References Cash Flow代写
Chowdhury, J., Kumar, R. and Shome, D., 2016. Investment–cash flow sensitivity under changing information asymmetry. Journal of Banking & Finance, 62, pp.28-40.
Bhandari, S.B. and Iyer, R., 2013. Predicting business failure using cash flow statement-based measures. Managerial Finance, 39(7), pp.667-676.
J Sainsbury PLC., 2019. Annual report and financial statements 2019. J Sainsbury PLC. Strategic Report.
Kordestani, G., Bakhtiari, M. and Biglari, V., 2011. The ability of combinations of cash flow components to predict financial distress. Business: Theory and Practice, 12(3), pp.277-285.
Kaplan, S.N. and Zingales, L., 2000. Investment-cash flow sensitivities are not valid measures of financing constraints. The Quarterly Journal of Economics, 115(2), pp.707-712.

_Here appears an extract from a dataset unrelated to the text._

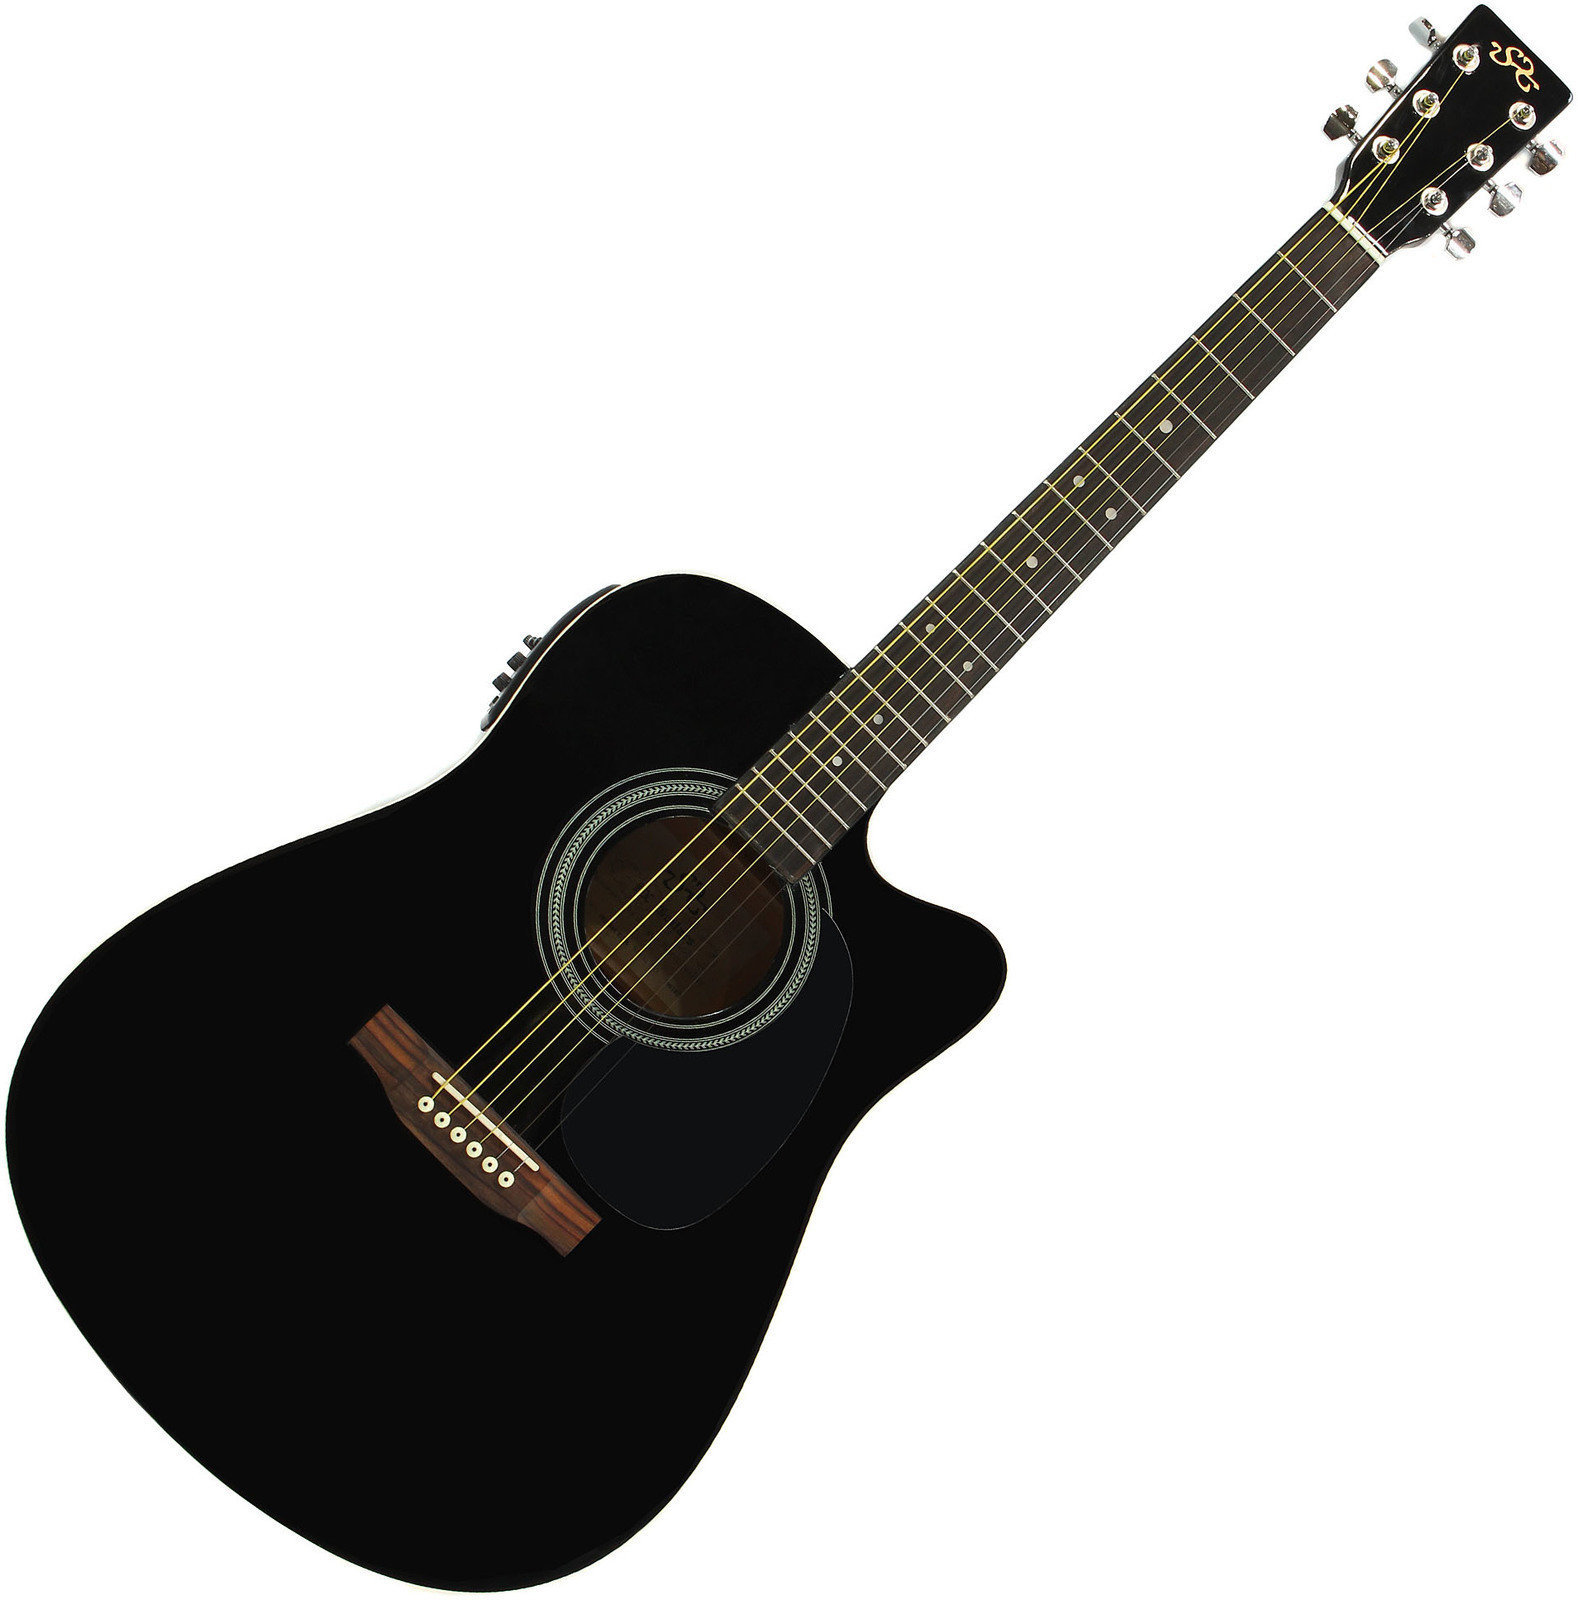 Dreadnought elektro-akoestische gitaar SX MD160-CE Black
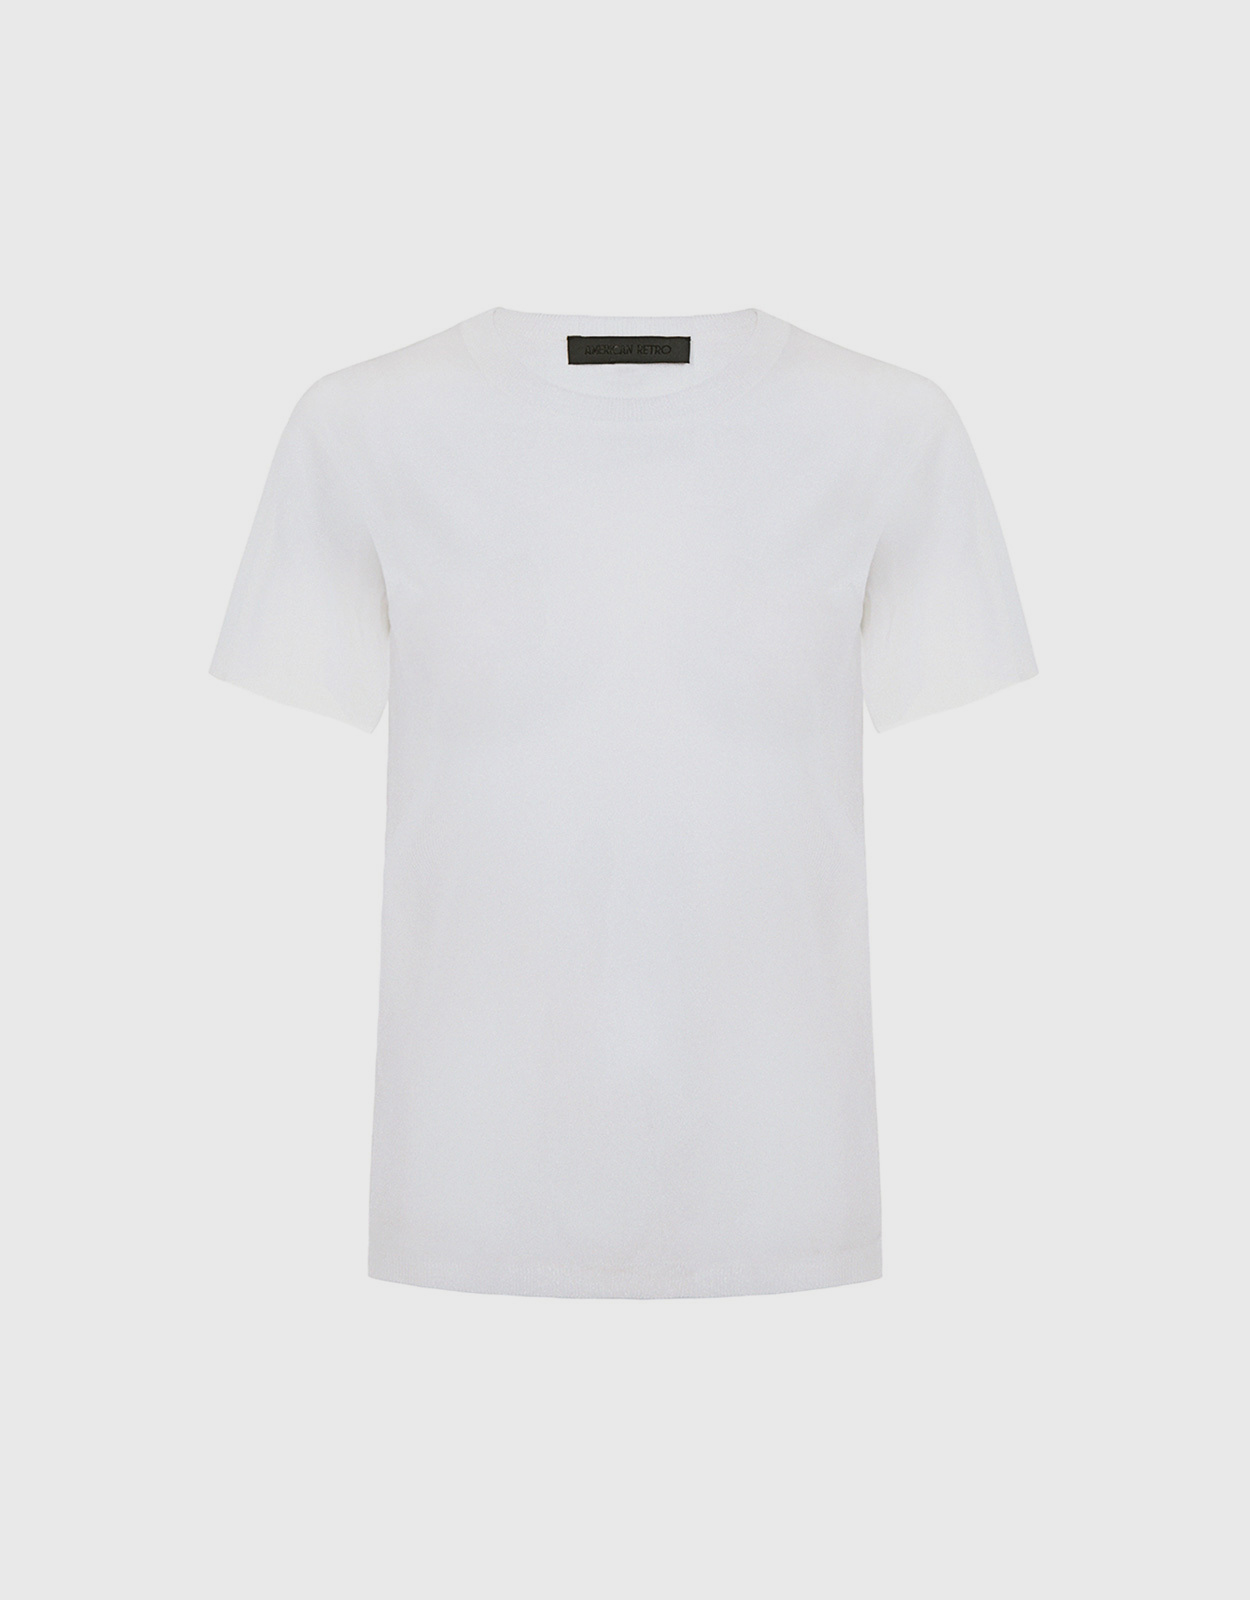 Louis vuitton embossed white tshirt

Lee, L.F., 2011. Incentives to inflate reported cash from operations using classification and timing. The Accounting Review, 87(1), pp.1-33.
Tran, L.M., Mai, C.H., Le, P.H., Bui, C.L.V., Nguyen, L.V.P. and Huynh, T.L.D., 2019. Monetary policy, cash flow and corporate investment: empirical evidence from Vietnam. Currency Crisis, p.72.
Williams, E.E. and Dobelman, J.A., 2017. Financial statement analysis. World Scientific Book Chapters, pp.109-169.